L'ancien président péruvien Alberto Fujimori libéré

L’ancien président péruvien Alberto Fujimori libéré

L’ancien président péruvien Alberto Fujimori (1990-2000) a été libéré mercredi conformément à une décision de la Cour constitutionnelle, bien que la Cour interaméricaine des droits de l’homme (Cour IDC) ait demandé aux autorités du pays andin de s’abstenir de le faire.

Fujimori a quitté la prison « Barbadillo » avec des lunettes nasales qui fournissent de l’oxygène, un jour après avoir appris que le TC avait ordonné « la liberté immédiate de la personne favorisée » en rétablissant les effets de la grâce qui lui avait été accordée en 2017 par le président de l’époque, Pedro.

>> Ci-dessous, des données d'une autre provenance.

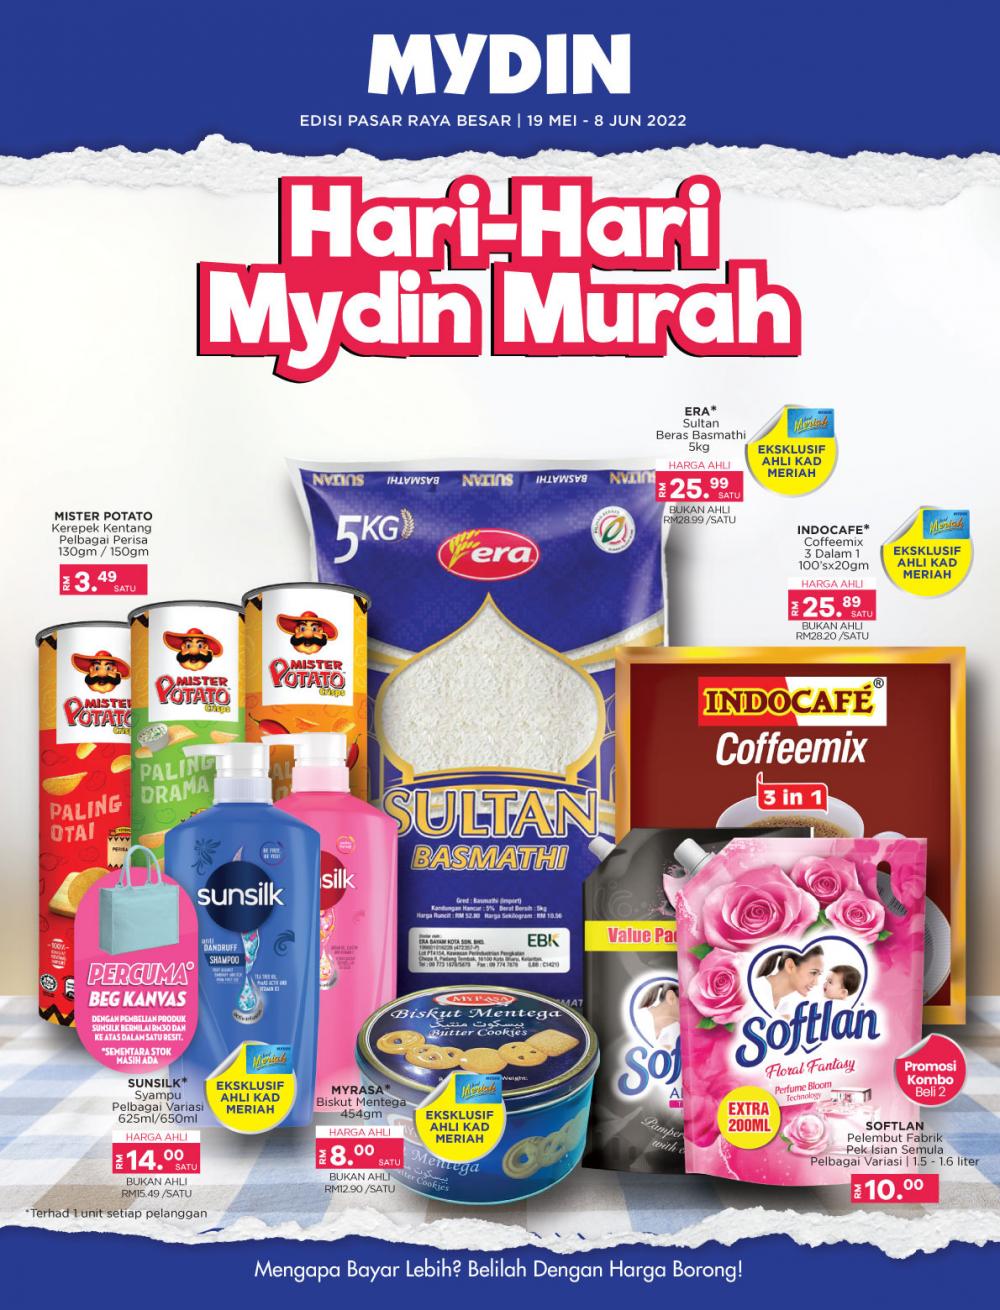 MYDIN Promotion Catalogue (19 May 2022 - 8 June 2022)

Pablo Kuczynski.

Au moment de sa sortie du centre pénitentiaire, l’ancien président portait un masque et, juste après avoir franchi la porte, il a serré dans ses bras sa fille, Keiko Fujimori, la leader du parti Force populaire Fujimori, et son fils Kenji.

Il a salué quelques personnes présentes proches de la famille, de la défense et du parti et est monté à bord d’un véhicule gris avec ses enfants et sa belle-fille.

Lorsque l’ancien chef de l’État a quitté le dernier poste de contrôle de la prison, des dizaines de fidèles qui l’attendaient tout au long de la journée l’ont accueilli avec des acclamations, de la musique et des feux d’artifice.

Mais l’attente de sa libération était telle que la voiture a été bloquée pendant près de 30 minutes, à peine capable de se déplacer dans les rues voisines, entourée de partisans, de policiers et de journalistes qui entouraient le véhicule.

Les médias locaux ont indiqué que l’ancien président se dirigeait vers le domicile de Keiko Fujimori, dans le quartier résidentiel de San Borja.

La libération de Fujimori a été retardée de plusieurs heures en raison d’un problème biométrique dans la prison de Barbadillo, où sont détenus les anciens présidents Alejandro Toledo (2001-2006) et Pedro Castillo (2021-2022).

La Cour Constitutionnelle (TC) a ordonné mardi la libération immédiate de Fujimori et la résolution, qui a été signée par trois de ses six membres actuels, avec la voix décisive du président de l’organisation, Francisco Morales, a déclaré que « le recours en réexamen était fondée à l’extrême sur l’exécution directe et immédiate de la sentence du 12 mars dernier, récidivée dans le procès actuel ».

La Cour constitutionnelle a pris cette décision après qu’un tribunal de la région sud d’Ica a déclaré vendredi dernier irrecevable sa première résolution rétablissant la grâce.

Cependant, la Cour interaméricaine des droits de l’homme (Cour interaméricaine) a publié mercredi une résolution exigeant que l’État péruvien s’abstienne de libérer l’ancien dirigeant, afin de garantir la justice aux victimes de violations des droits de l’homme.

La résolution, signée par le président de la Cour interaméricaine, Ricardo Pérez Manrique, exige que le Pérou ne libère pas Fujimori jusqu’à ce que la Cour interaméricaine « dispose de tous les éléments nécessaires pour analyser si ladite décision est conforme aux conditions établies dans la Résolution du la Cour. » Tribunal du 7 avril 2022″.

En avril 2022, la Cour interaméricaine a ordonné au Pérou de ne pas appliquer une décision du TC qui a ratifié cette grâce, car elle était contraire aux décisions de la Cour internationale dans les cas des massacres de La Cantuta et de Barrios Altos, pour lesquels l’ancien président a été condamné à 25 ans de prison.